Sarah Geraghty on... loving ‘The Sound of Music’

‘Mastermind’ experts and ruining the Hollywood illusion on a Salzburg bus tour

 

‘Who knows the name of the mountain the Von Trapps walked over to get to Switzerland at the end of the film?”

My cousin rockets out of the seat beside me. “The Untersberg,” she shouts. Then sits down again, shooting me a satisfied nod and a wink.

Go team. Twelve heads – from Ireland, the UK, the US, Australia and Japan – whirl around to check out the Sound of Music Mastermind at the back of the bus.

“I think since I started the job, this is the first time anybody’s got that question right,” said the stunned English tour guide, 30 minutes into a four-hour Sound of Music tour around Salzburg.

They had no idea who they were dealing with.

There was a brief moment of panic when we arrived at the Mirabellplatz pick-up point that afternoon.

No sign of the jolly yellow bus with Sound of Music scripted along the side, seen routinely zipping around the place. Only a big, grey coach.

No matter. On we went with our two mini bottles of Prosecco (the brochure said we could) to celebrate this milestone event in our lives.

“God, do you think we’re the only ones who brought drinks?” Looked like it.

The trip was a 30th birthday present from one greatest fan to another. We inherited the love from my dad and her mum who, legend has it, hid in the cinema watching the film on repeat back in the days when you could do that.

Róisín Meets . . . Seo Linn

We’d push back furniture and jump from couch to chair, in an effort to replicate Liesl and Rolf’s Sixteen Going on Seventeen glide around the gazebo.

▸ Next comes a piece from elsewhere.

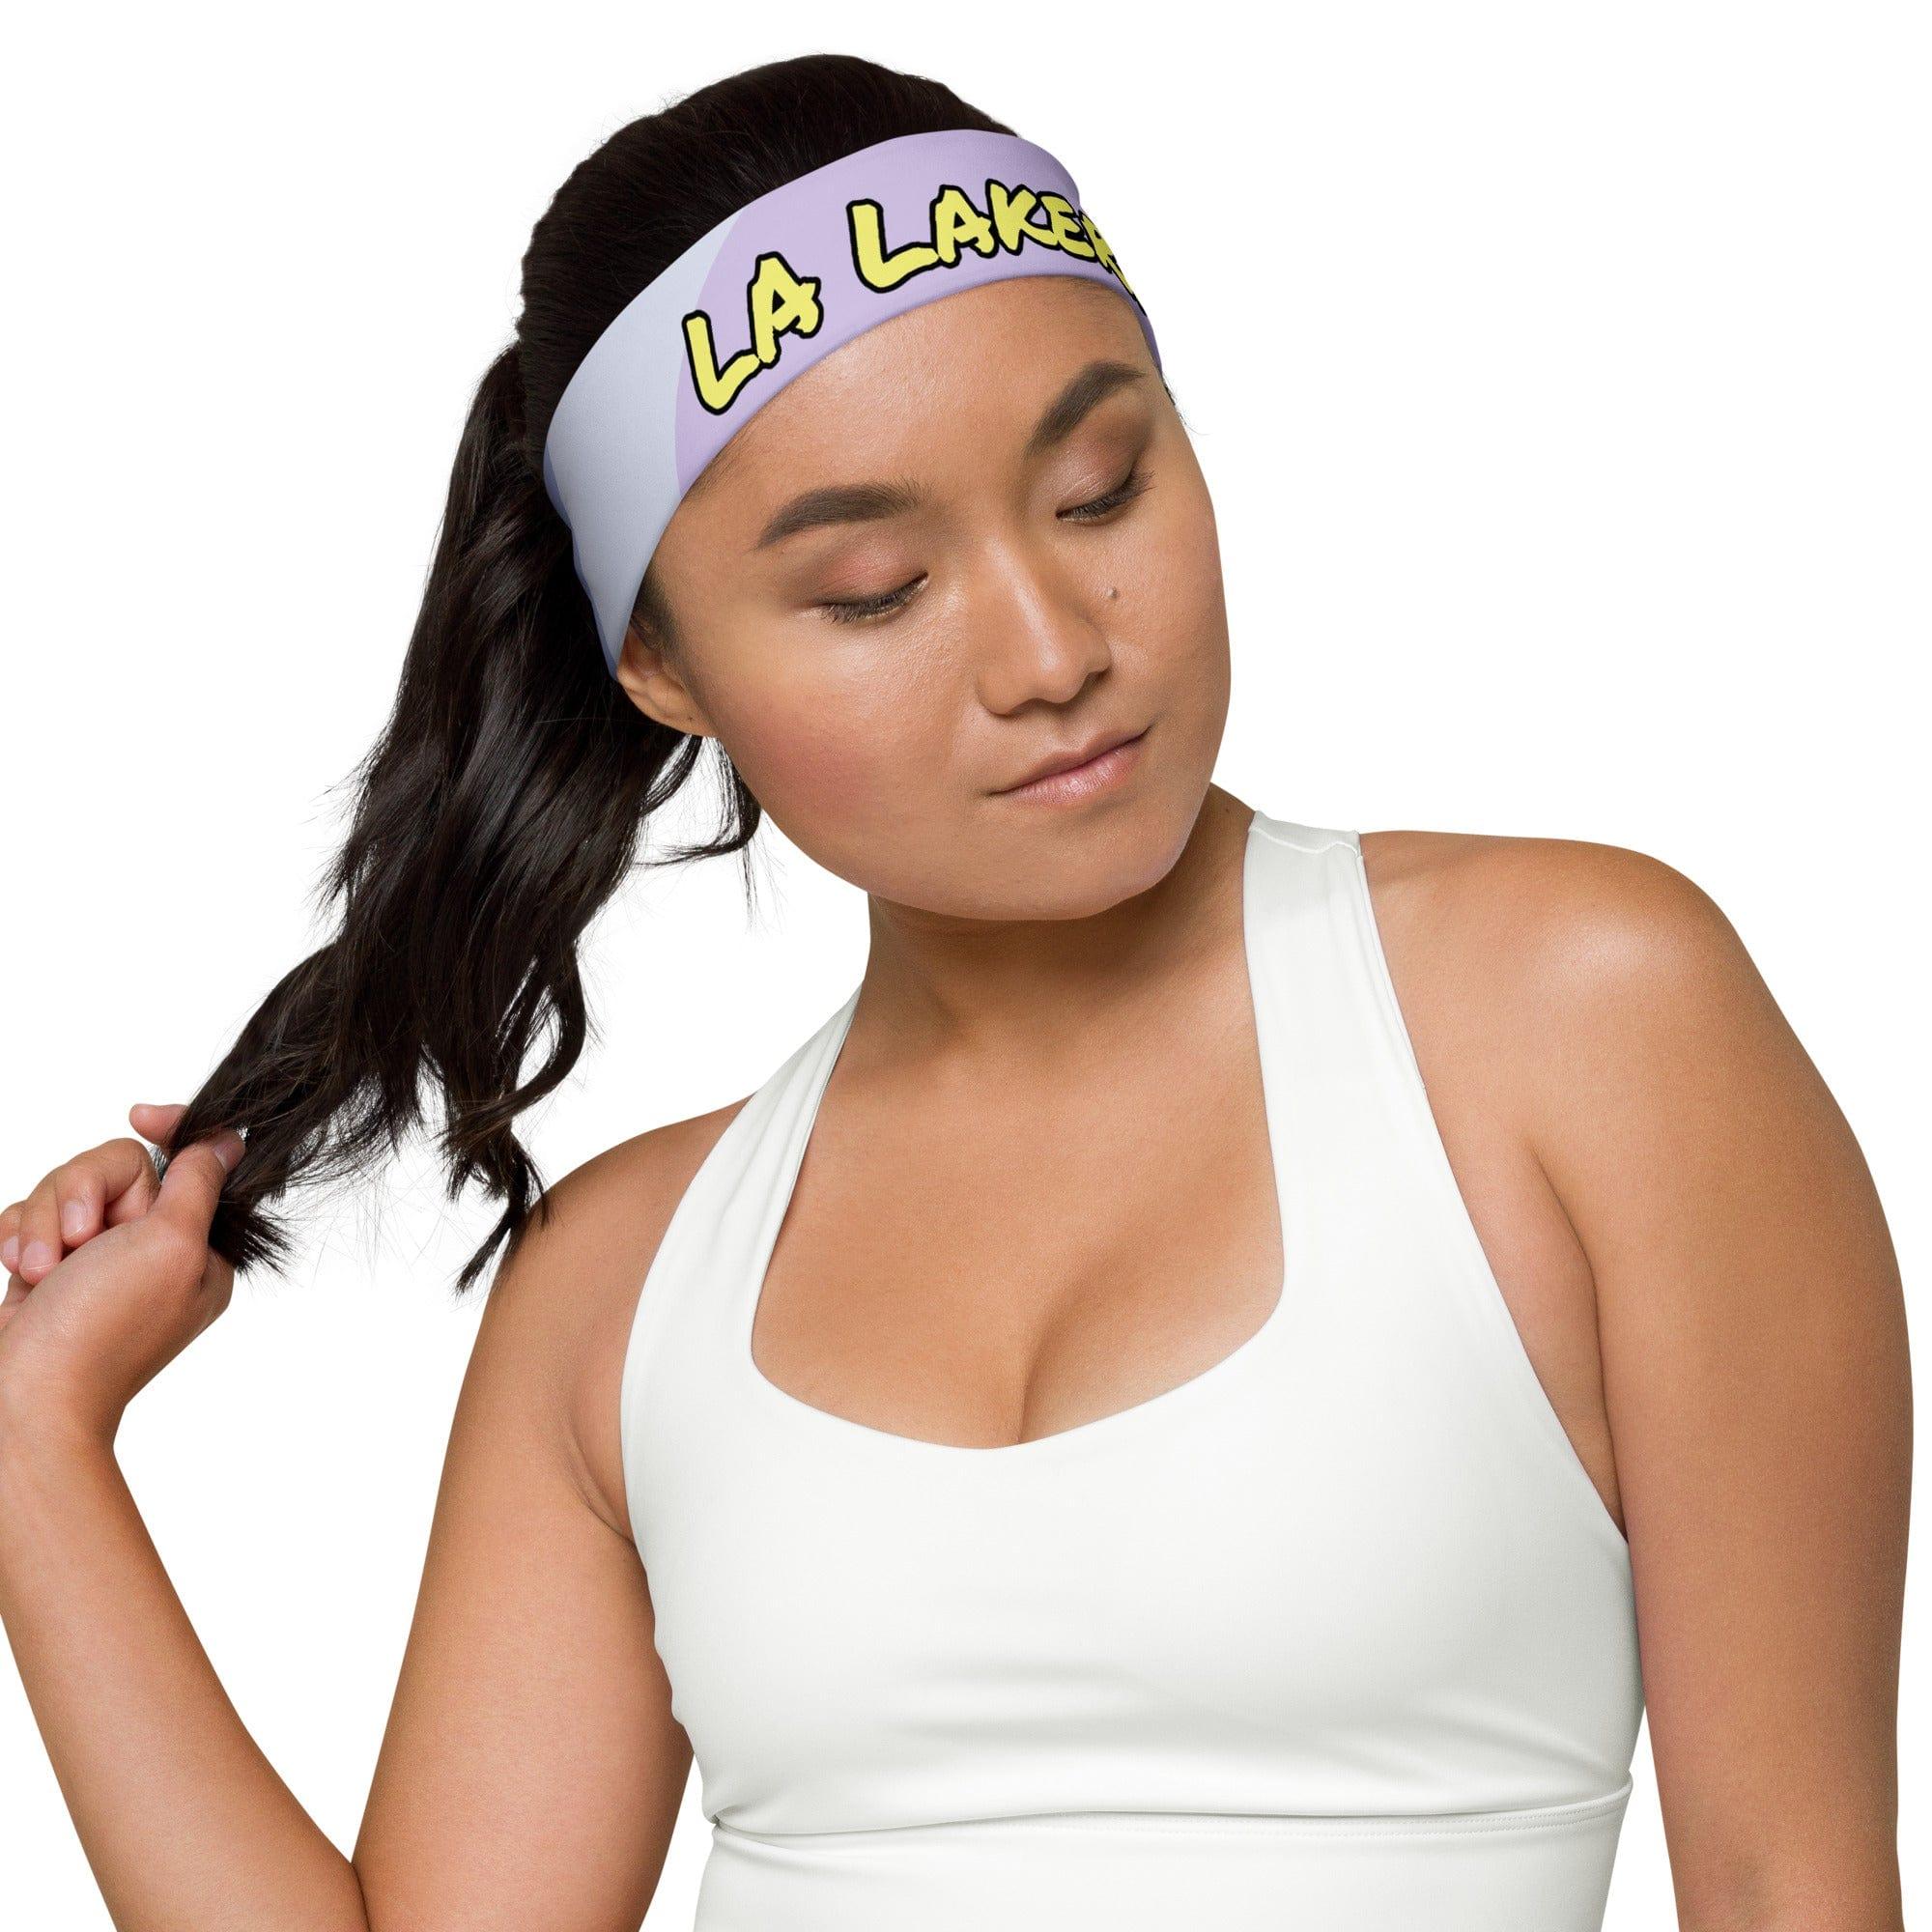 LA Lakers Headband in Purple Camo Quick Dry Sports Head Tie - TopKoalaTee

There was high excitement in transition year when The Sound of Music was announced as the 2001 school musical. Then great personal shame when I landed the only non-singing role – Frau Schmidt, the housekeeper.

In a singsong the day after the Mastermind’s wedding last year, we – and three other bridesmaids – performed So Long, Farewell to mighty acclaim from family and friends.

Fast forward to January 2015; the growing despondency as the bus climbs every mountain overlooking Salzburg is unexpected.

There’s no sound of music. Just the guide who seems to thrive on crushing beloved “film-facts” as Hollywood myths. Remember the glistening lake in front of the Von Trapp’s house where Maria and the kids tumble out of the boat? That’s real. Okay, it was covered in 3ft of blinding snow but it’s definitely there.

But the actual house in the film, she told us, is two different buildings. And, the interiors were all filmed on Hollywood sets.

Our cherished gazebo scene? That was shot in a studio lot in LA too. The one we visited was a smaller replica of the original.

The Von Trapps didn’t flee Austria on foot – they took the train. They didn’t even go to Switzerland. And they weren’t carrying any musical instruments.

The worst of all? There was no Gretl, never was. “She’s ruining everything”. Staring out the bus window to Nonnberg Abbey where the Reverend Mother wondered – for real – how to solve a problem like Maria.

Things look up as the bus winds down a mountain to Mondsee Cathedral where Maria and Captain Von Trapp got married – except they didn’t actually, it was just filmed there.

The guide finally hits ‘play’ and we, along with about half the passengers, are warbling contentedly to My Favourite Things.

After some actual crisp apple strudel near the cathedral, we’re back in the game. And we’ve figured out what the others are doing here.

A British couple are celebrating the wife’s 50th birthday. Twin 30-something sisters had come for the skiing but stayed for a tour they’d wanted to do for years. An American woman, “doing Europe on a shoestring” with her 21-year old daughter who had just moved to Dublin, wanted to pass on her Sound of Music love to the next generation. One of two cool Australian film students, in their early 20s, had never seen it and was definitely not into the singing parts – but had invested a significant portion of his tight travel fund in Salzburg because, “it’s one of the most important films ever made – no other film has had such an appeal, for so long”.

On the road back to Salzburg, we crack open the bubbles and have our little toast.

By the time we’re dropped off at the Mirabell Gardens – where Maria and the seven children hopped on the steps for Do-Re-Mi – it’s too dark for our planned re-enactment.

By the time you read this, I might have seen the stage version which opened in Dublin this week. But I don’t know if I’m ready to see anyone other than Julie Andrews as Maria. I’m just not ready for another busted myth.

I’ll have to consult with the Mastermind.